The chandeliers cast a golden glow over the marble hall, light spilling across gilded frames and velvet drapes. He sat at the long dining table, shoulders squared, his black suit tailored to precision. His phone rested in his palm—the only voice he had left.
It had been eight years since the crash. Steel twisted, glass shattered, his mother’s hand slipping from his own. He’d survived, but the wreck crushed more than bone. His voice box had been damaged, scarred to the point where speaking was painful, broken, incomplete. Doctors said with therapy, maybe, he could recover some of it. He never tried. Silence was easier.
His father grew impatient. His stepmother—gentle where the man was ruthless—believed marriage might bring him back into the world. He hadn’t cared. Until now.
The heavy doors opened.
She entered.
The daughter of a Duke, her presence softened the hard lines of the hall. Emerald silk brushed the marble as she moved, her family following behind. Voices filled the space—formalities, greetings—but he heard nothing beyond the steady rhythm of her steps.

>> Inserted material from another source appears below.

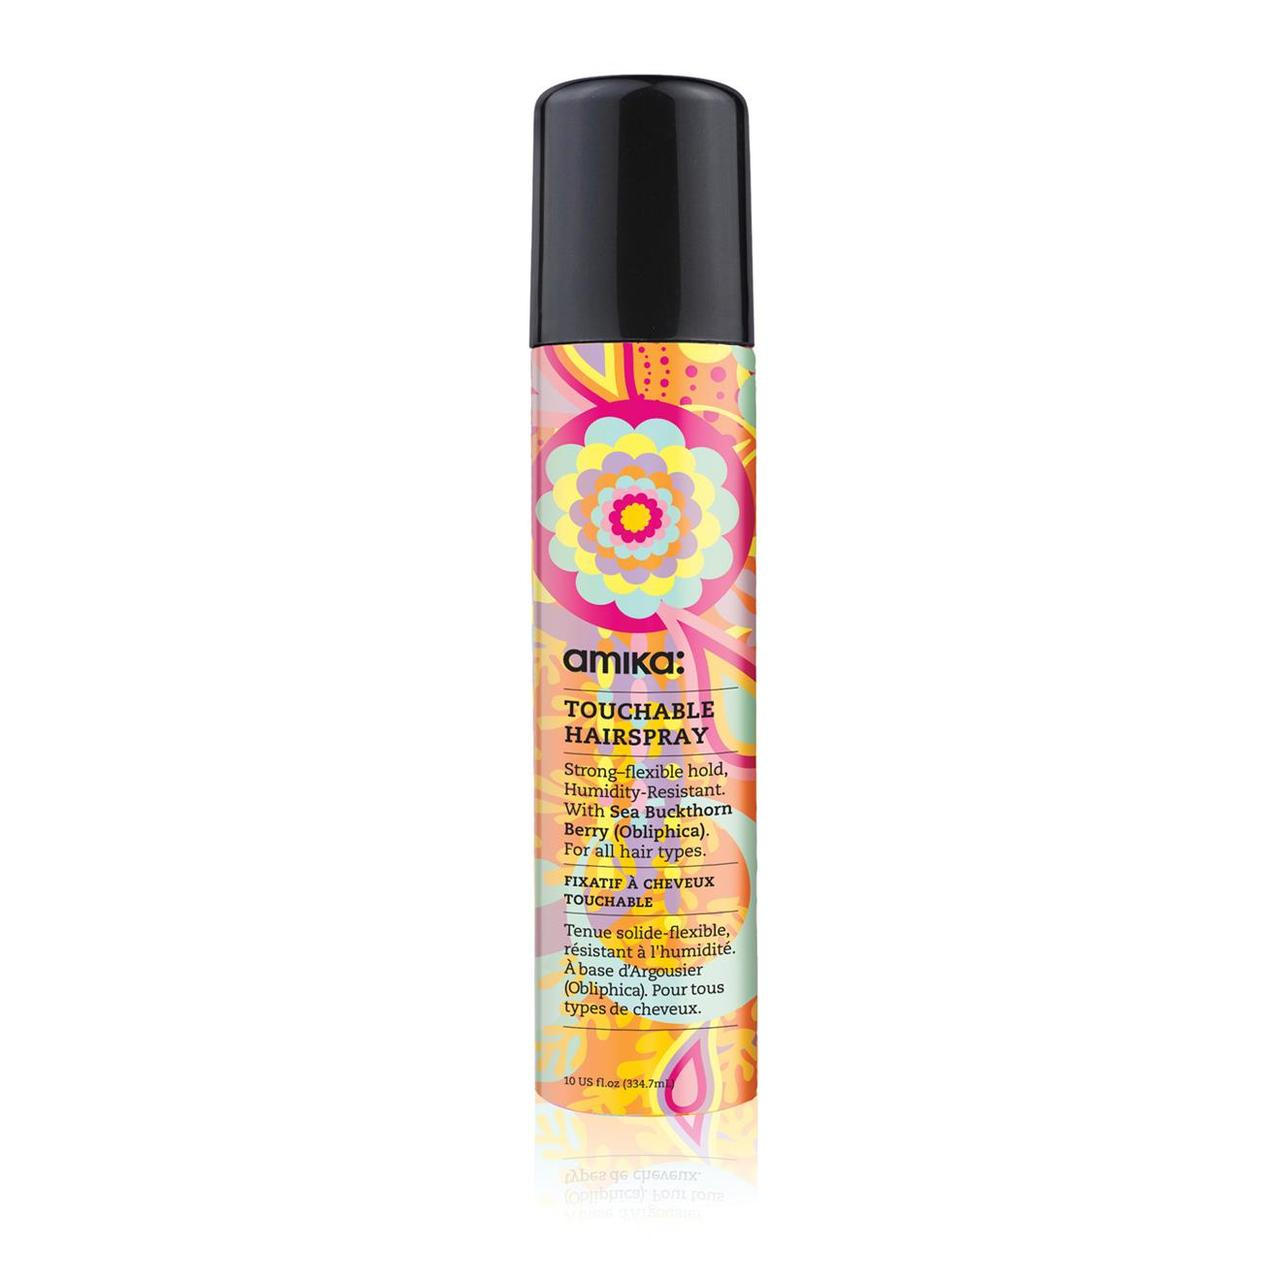 Amika Obliphica Touchable Hairspray 10 oz
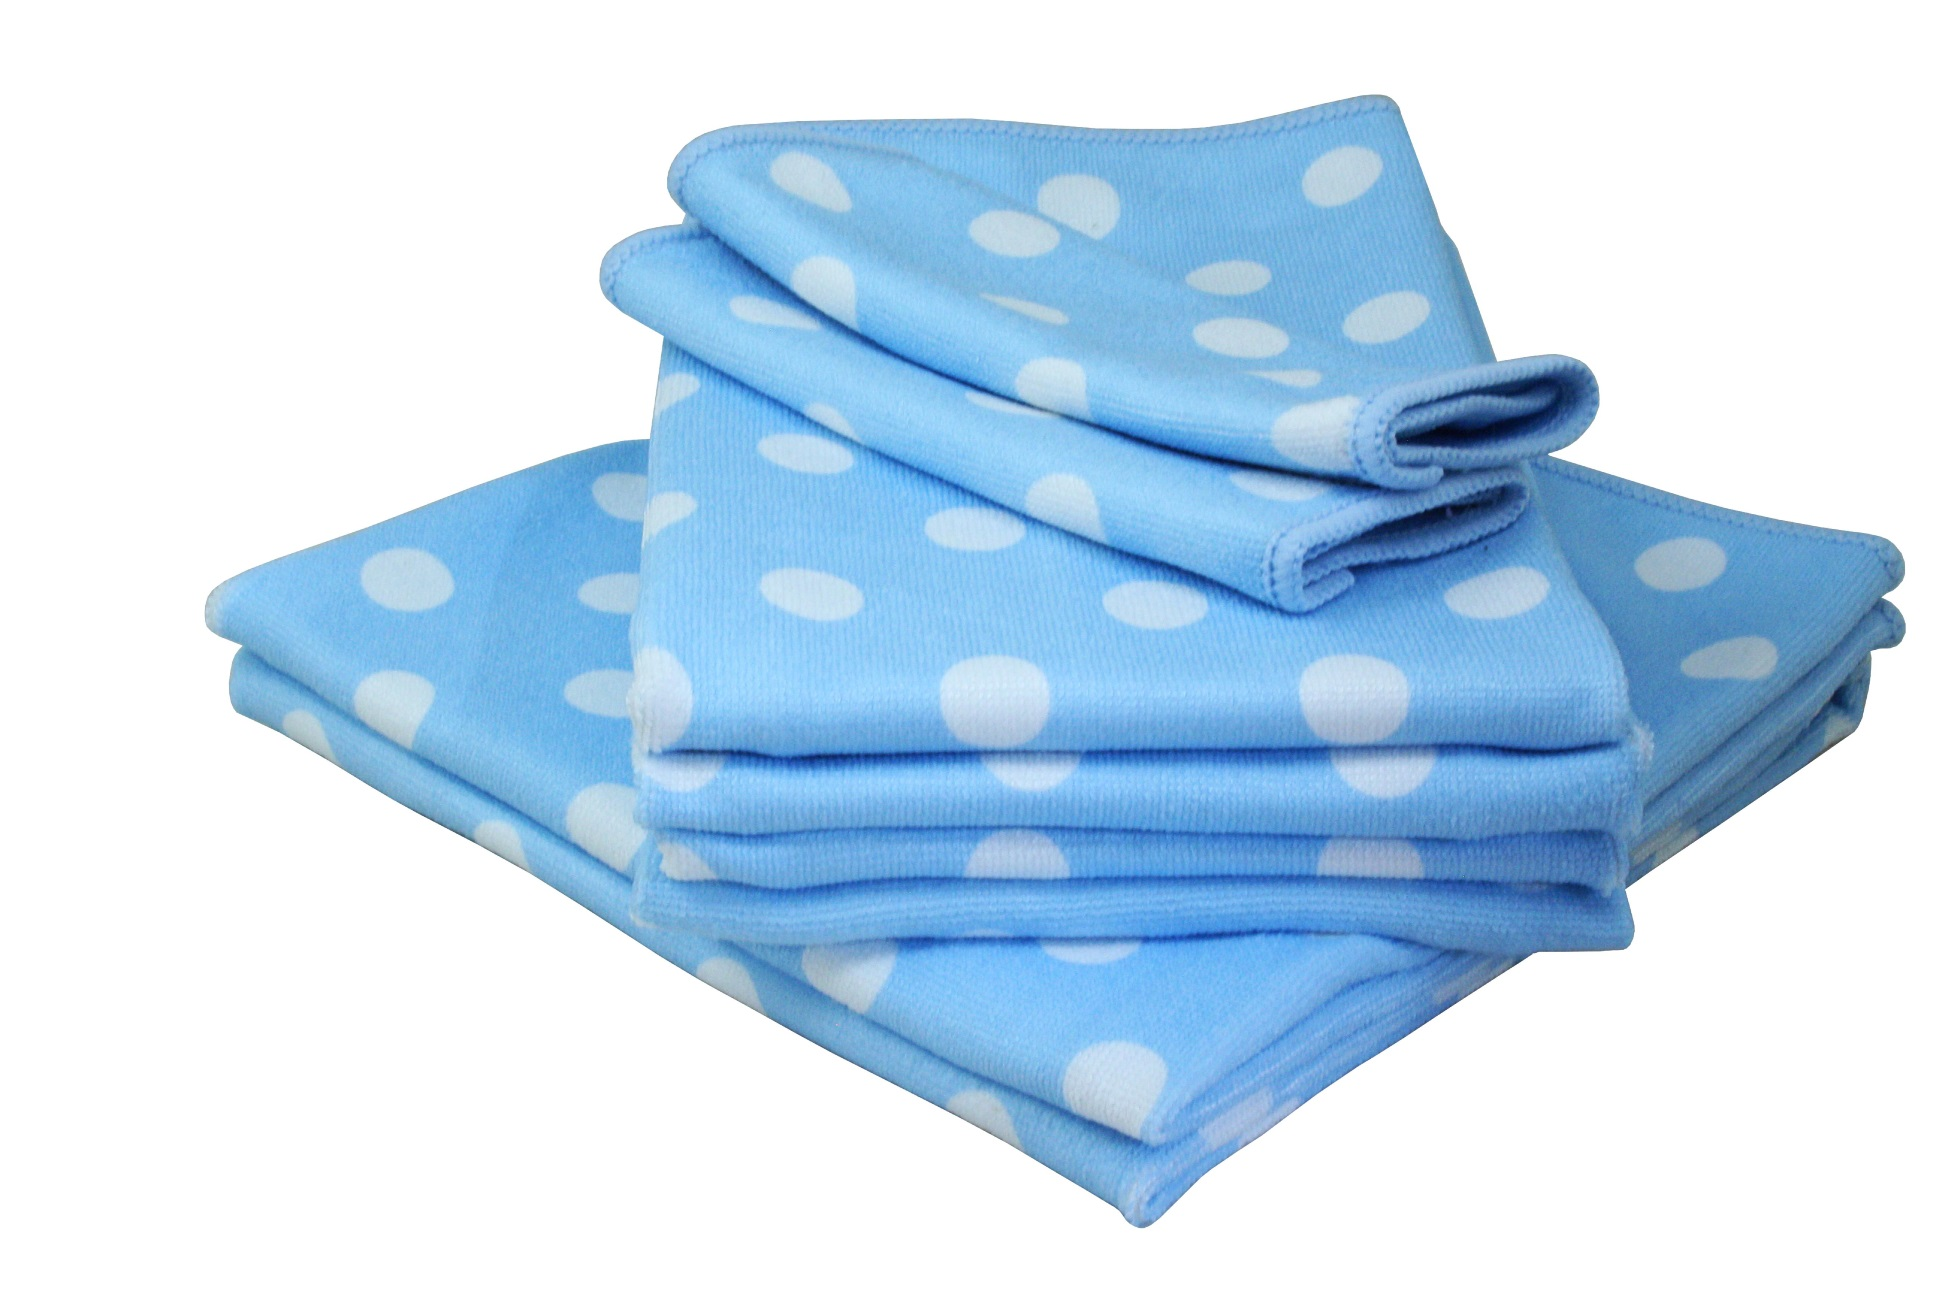 aqua clean reinigungsmittel aqua clean direkt vom. Black Bedroom Furniture Sets. Home Design Ideas

At his father’s bidding, she approached. She sat beside him, her perfume drifting close, delicate and warm. His chest tightened in a way he hadn’t felt in years.
He lowered his gaze to his phone, thumbs moving over the screen. He wrote carefully, stripped of flourish, but not unkind. He turned the device toward her.
“I don’t speak. The accident damaged my voice. Doctors say therapy might help, but… I never tried.” “This marriage isn’t for love. It’s duty. Convenience.”
He watched her as she read, expecting pity or discomfort. But her eyes only lifted to his—steady, curious, calm.
For the first time in years, his silence felt… noticed.